Maryland's Revised Uniform Partnership Act governs dissolution of general partnerships in the state. The statute identifies events that can trigger dissolution of a partnership and details each partner's right to dissolve the business relationship at any time. The statute specifies how assets and liabilities should be divided among partners and allows a dissolving partnership to file a statement of dissolution with the state to provide notice and prove the exact date the business partnership ceased to exist.
Limited Partnership Dissolution
Maryland's Limited Partnership Act provides for the dissolution of limited partnerships. The provisions mirror the procedures established for general partnerships, except the statute also specifies how an LP can cancel its state registration as a limited liability entity. The statute also contains additional provisions for judicial dissolution, an option that is relevant because of the grant of limited liability to partners.
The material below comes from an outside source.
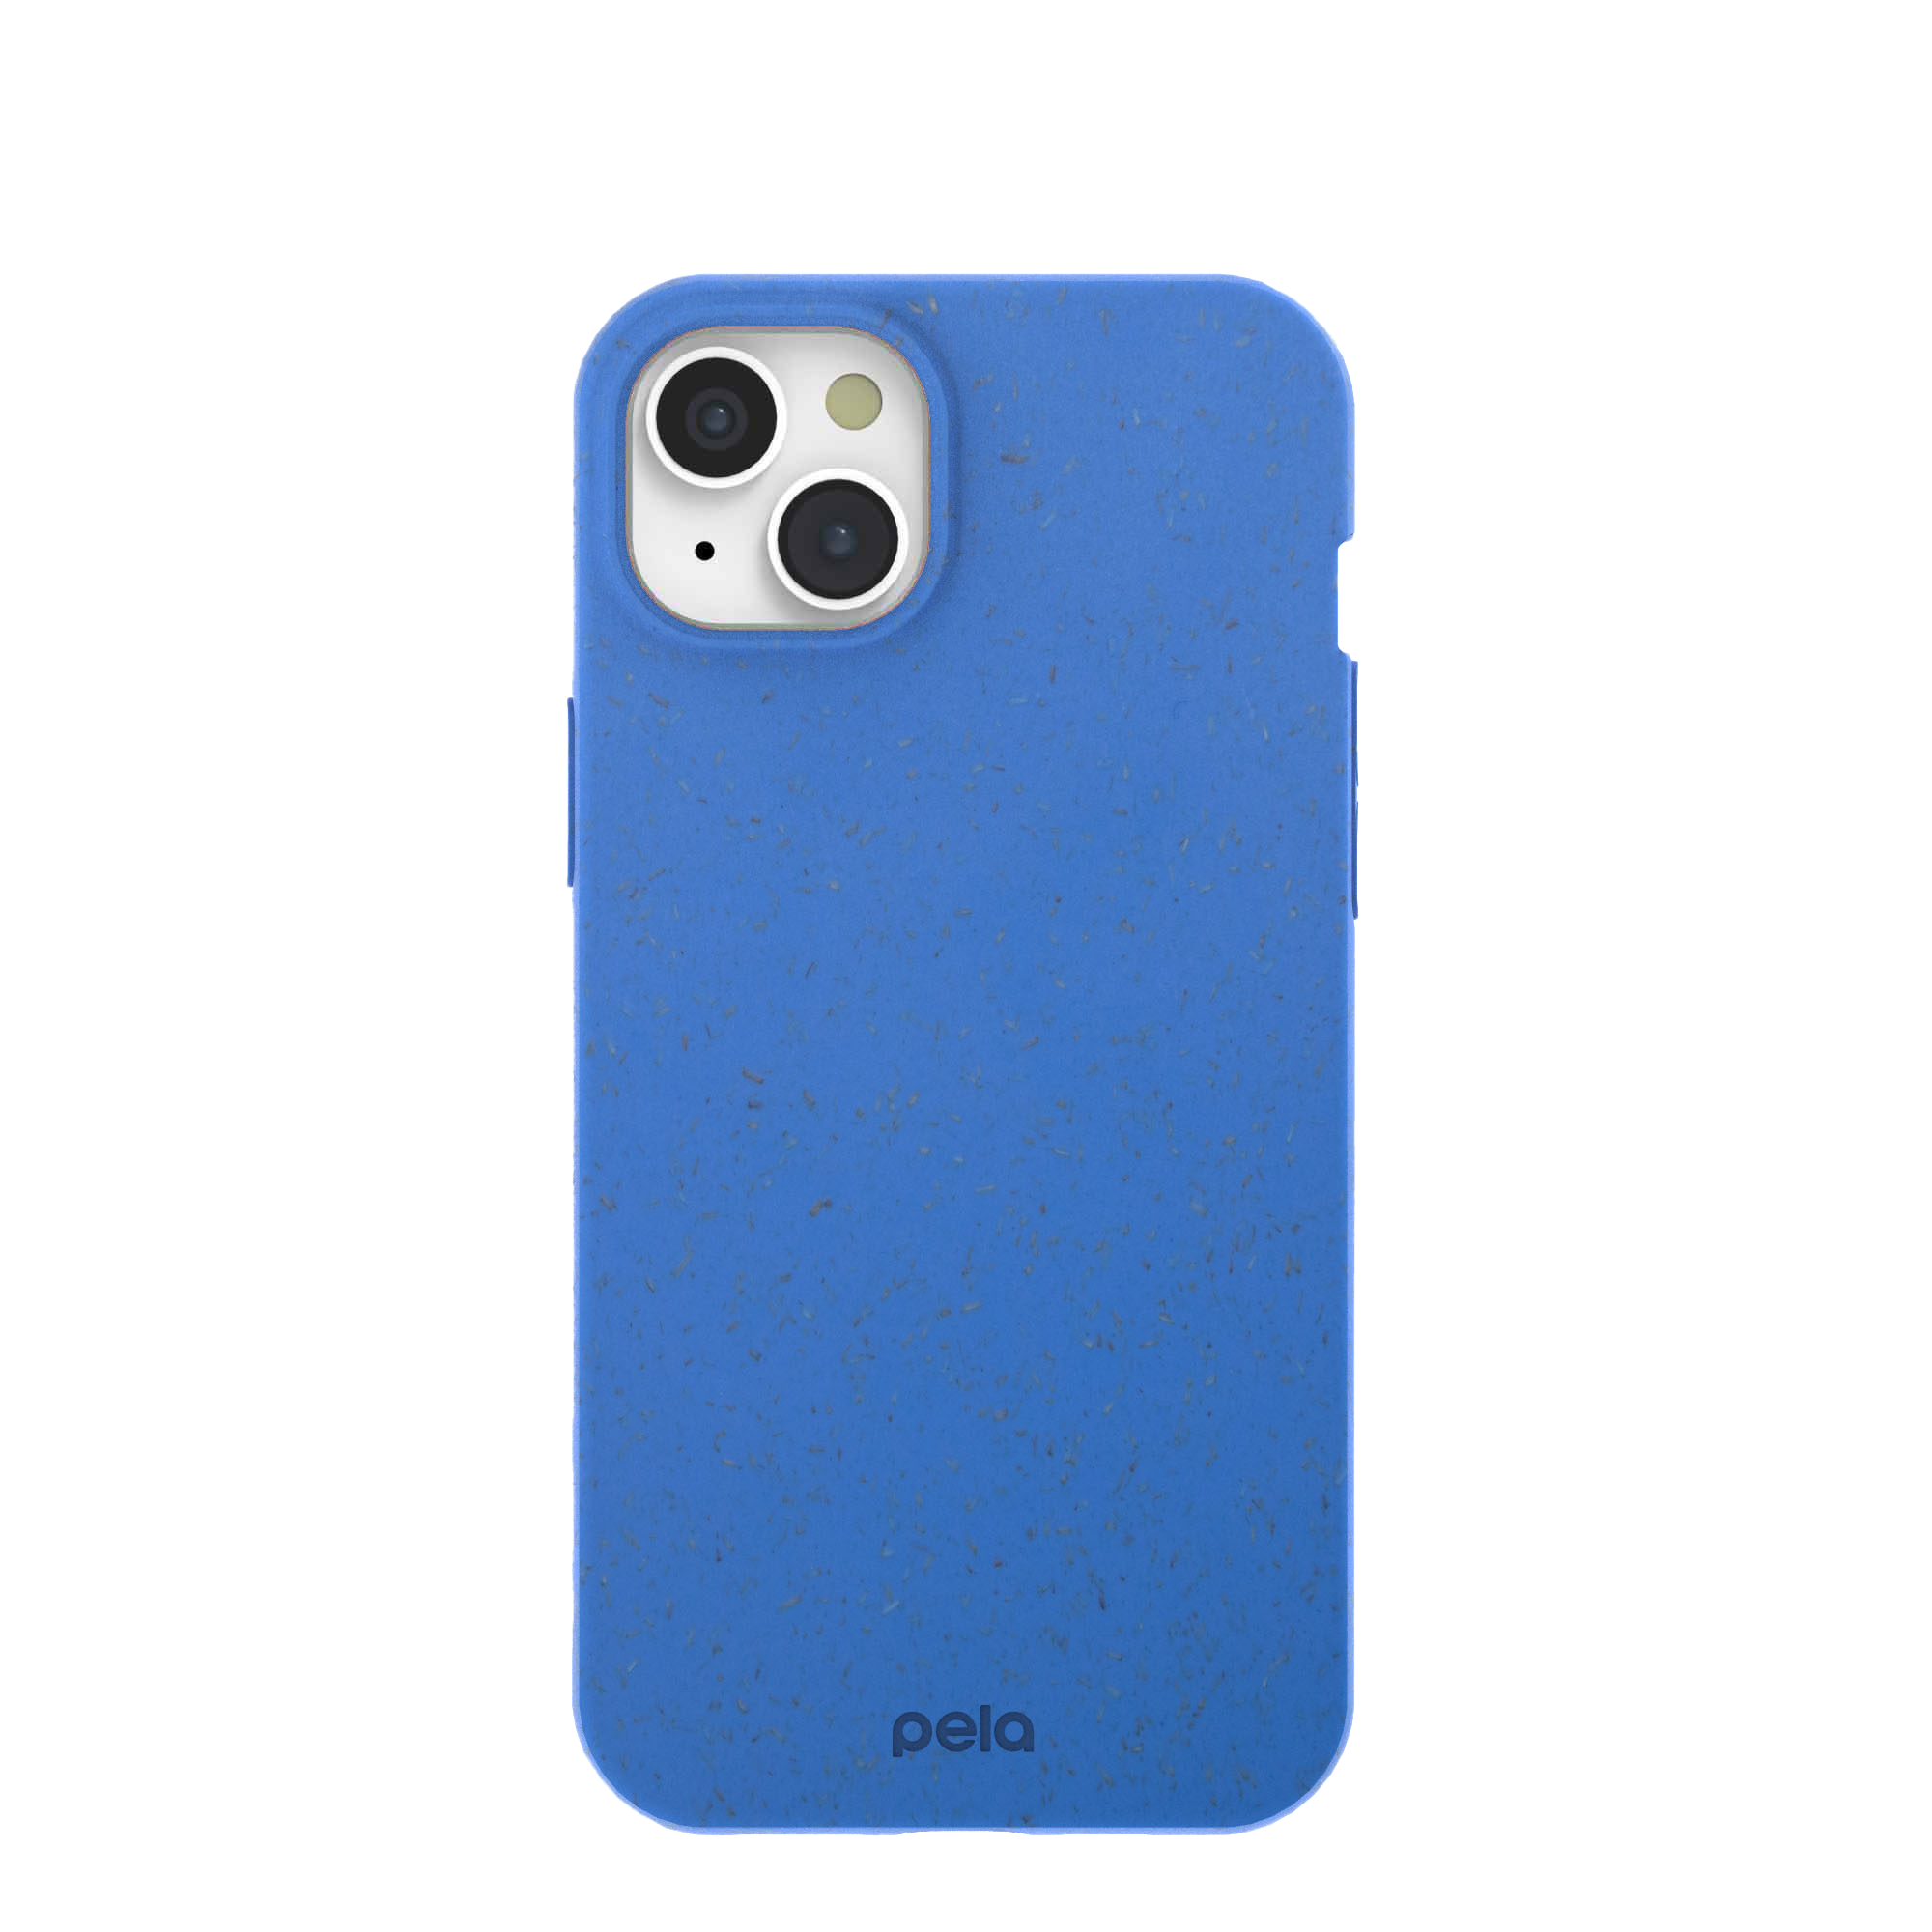 Blue Pela phone case on white background.

Close Corporation Dissolution
There is a separate Maryland statute for close corporations. A close corporation limits the right of shareholders to freely transfer shares of stock in the company to third parties. The close corporation statute incorporates the general dissolution provisions of the corporations statute and adds special provisions specific to this entity. The statute allows shareholders of a close corporation to avoid dissolution by purchasing the stock of the withdrawing stockholder. The law also gives close corporation shareholders the same dissenter's right to force judicial dissolution of the company upon an unresolvable dispute between owners as those enjoyed by members of an LLC.